== Exercise data ==

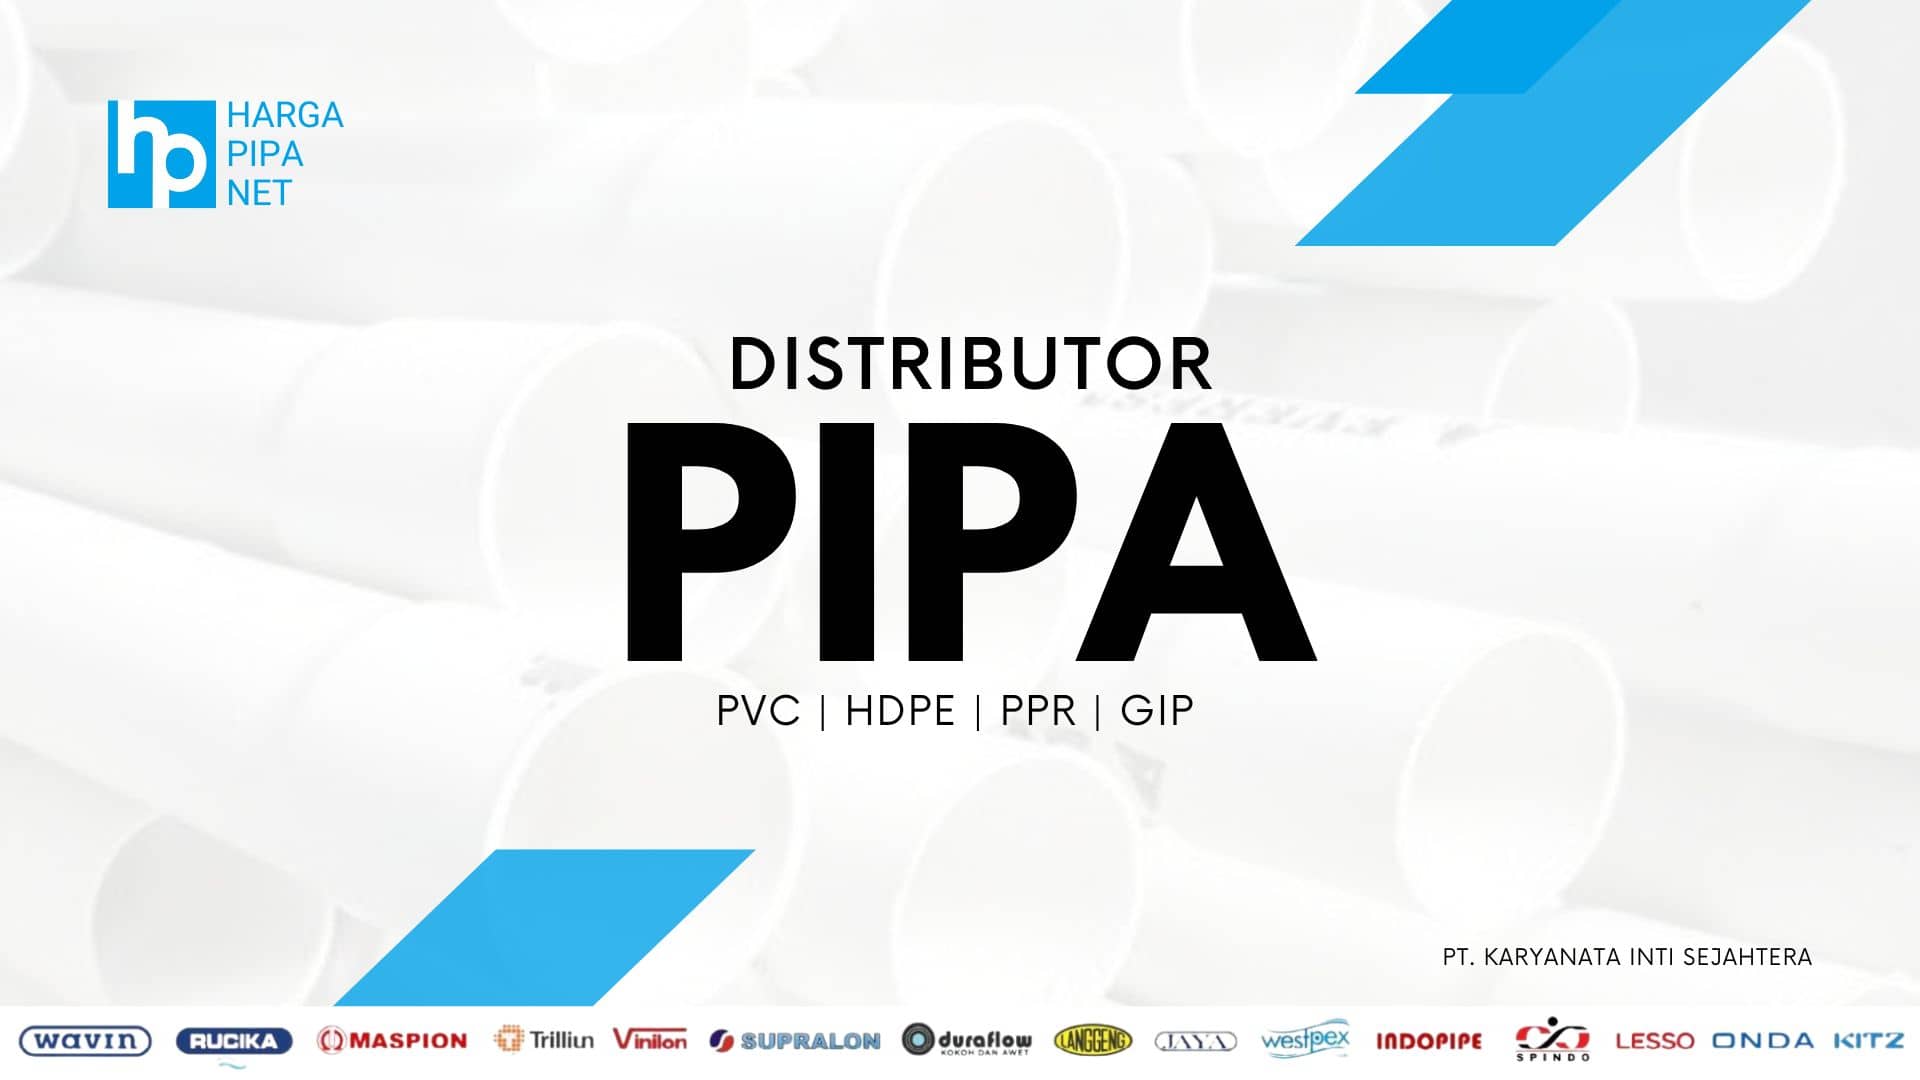 Harga Pipa PVC 2 Inch
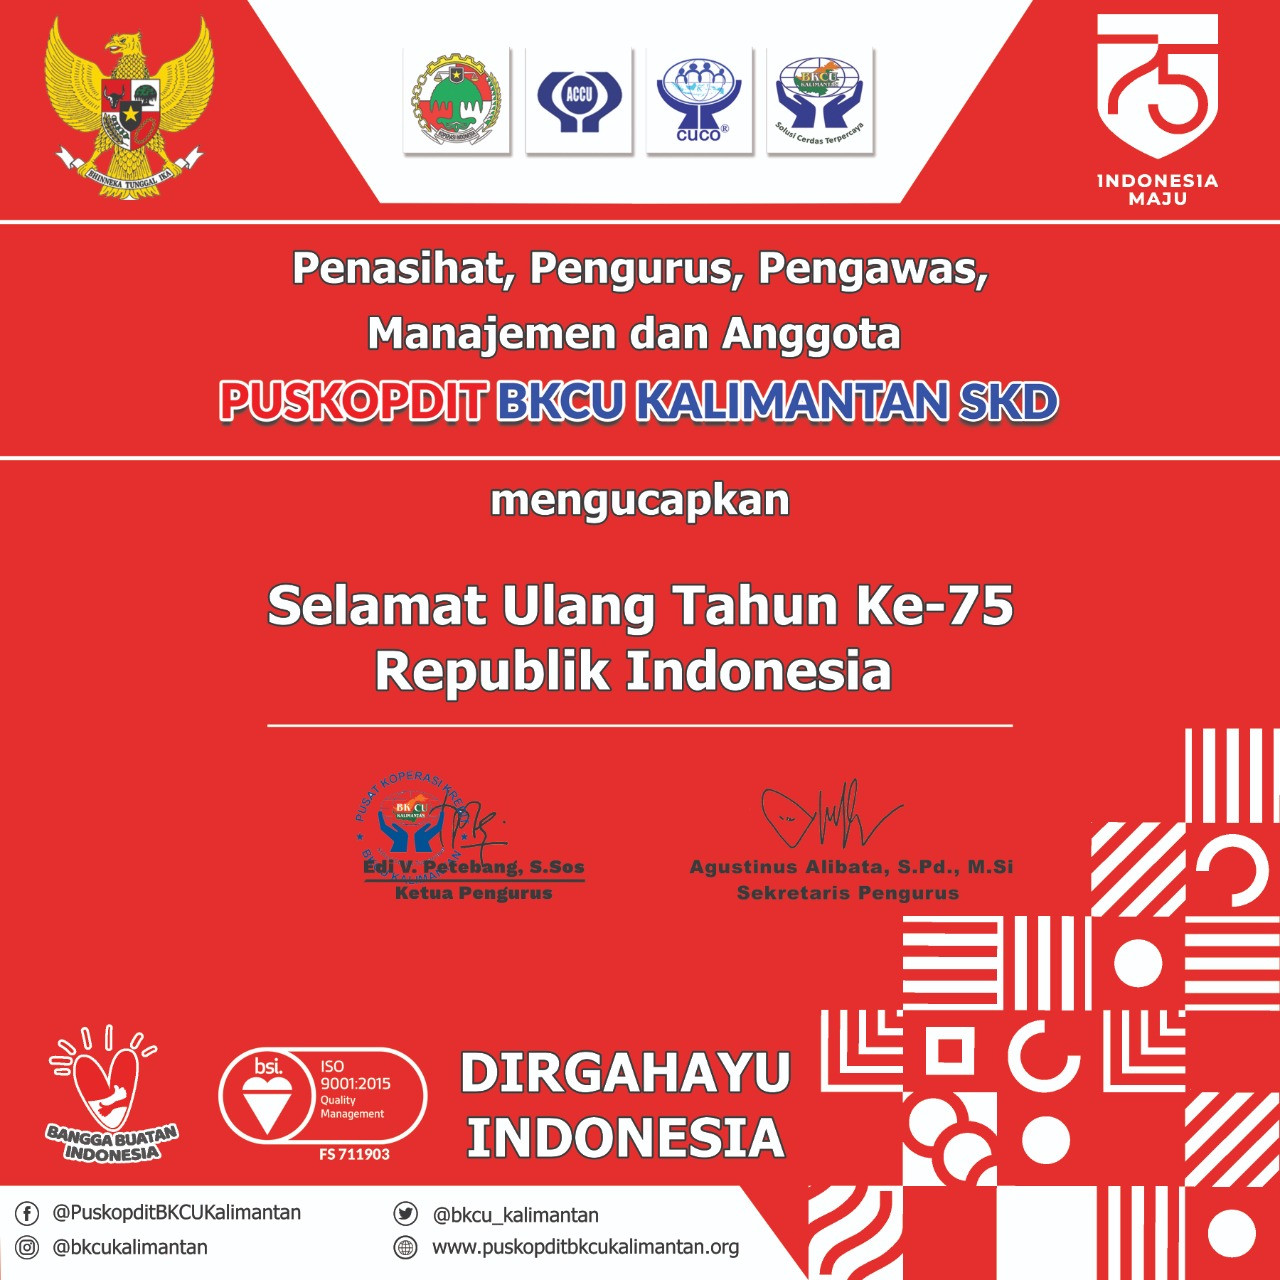 Selamat ulang tahun ke 75 Republik Indonesia
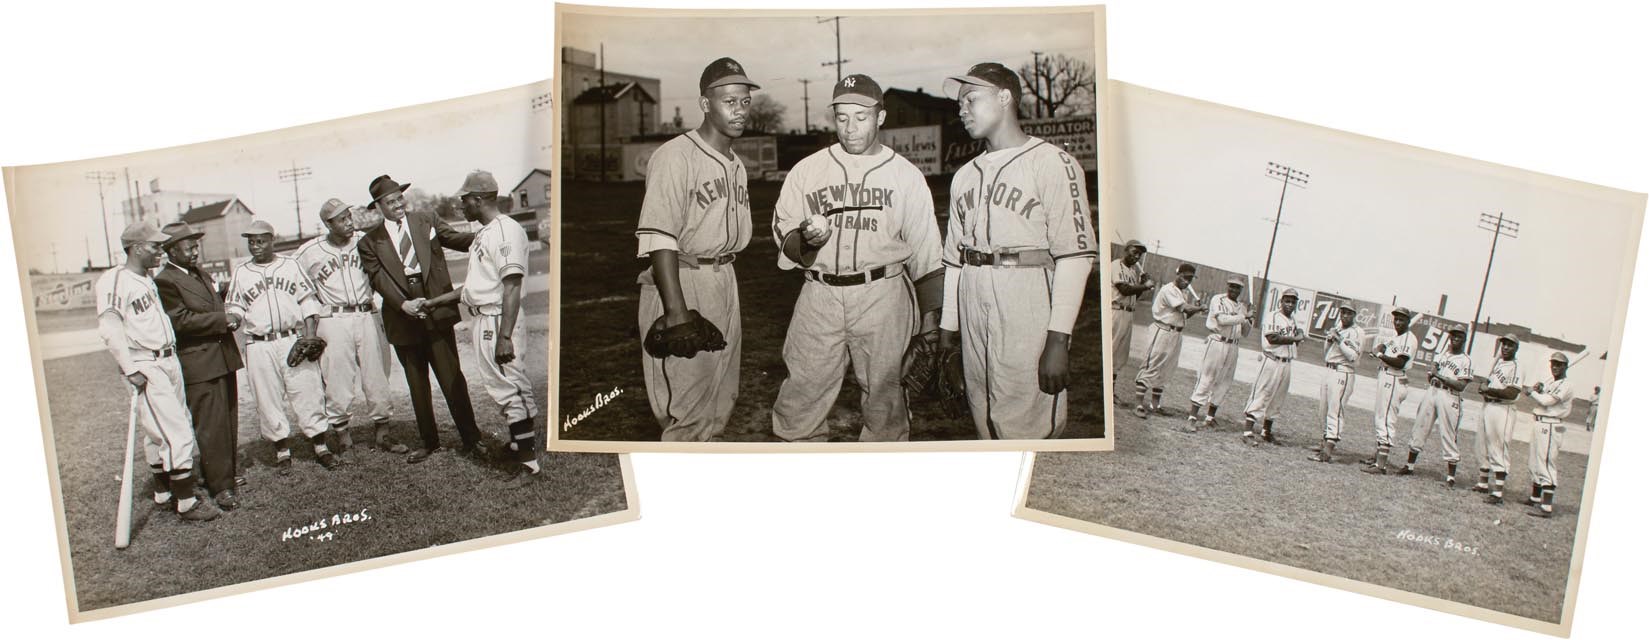 Negro League, Latin, Japanese & International Base - 1940s Negro League Photographs by the Hooks Brothers (3)
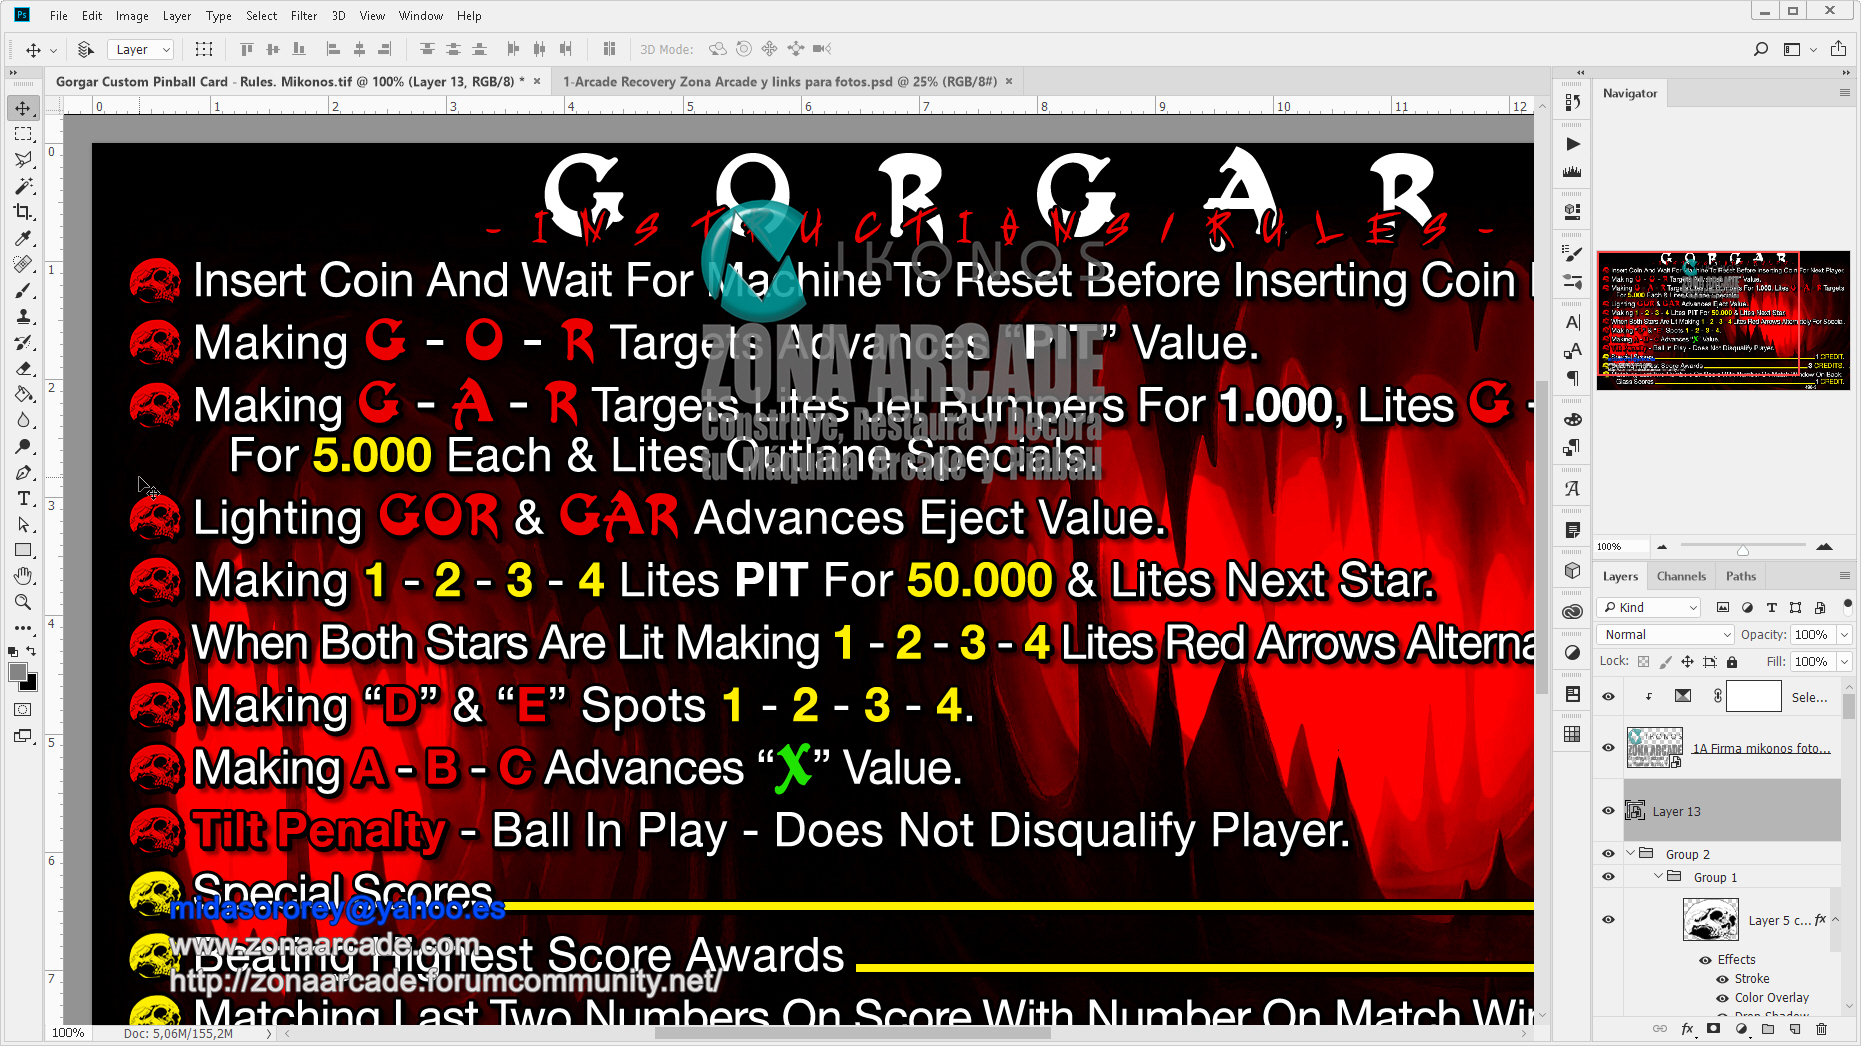 Gorgar-Custom-Pinball-Card-Rules-Mikonos2

===

Word-for-word restatement: every line from the one with "Negro League, Latin, Japanese" through the final line of the data, both ends included, pictures excluded.

 Negro League, Latin, Japanese & International Base - 1940s Negro League Photographs by the Hooks Brothers (3)
 Gorgar-Custom-Pinball-Card-Rules-Mikonos2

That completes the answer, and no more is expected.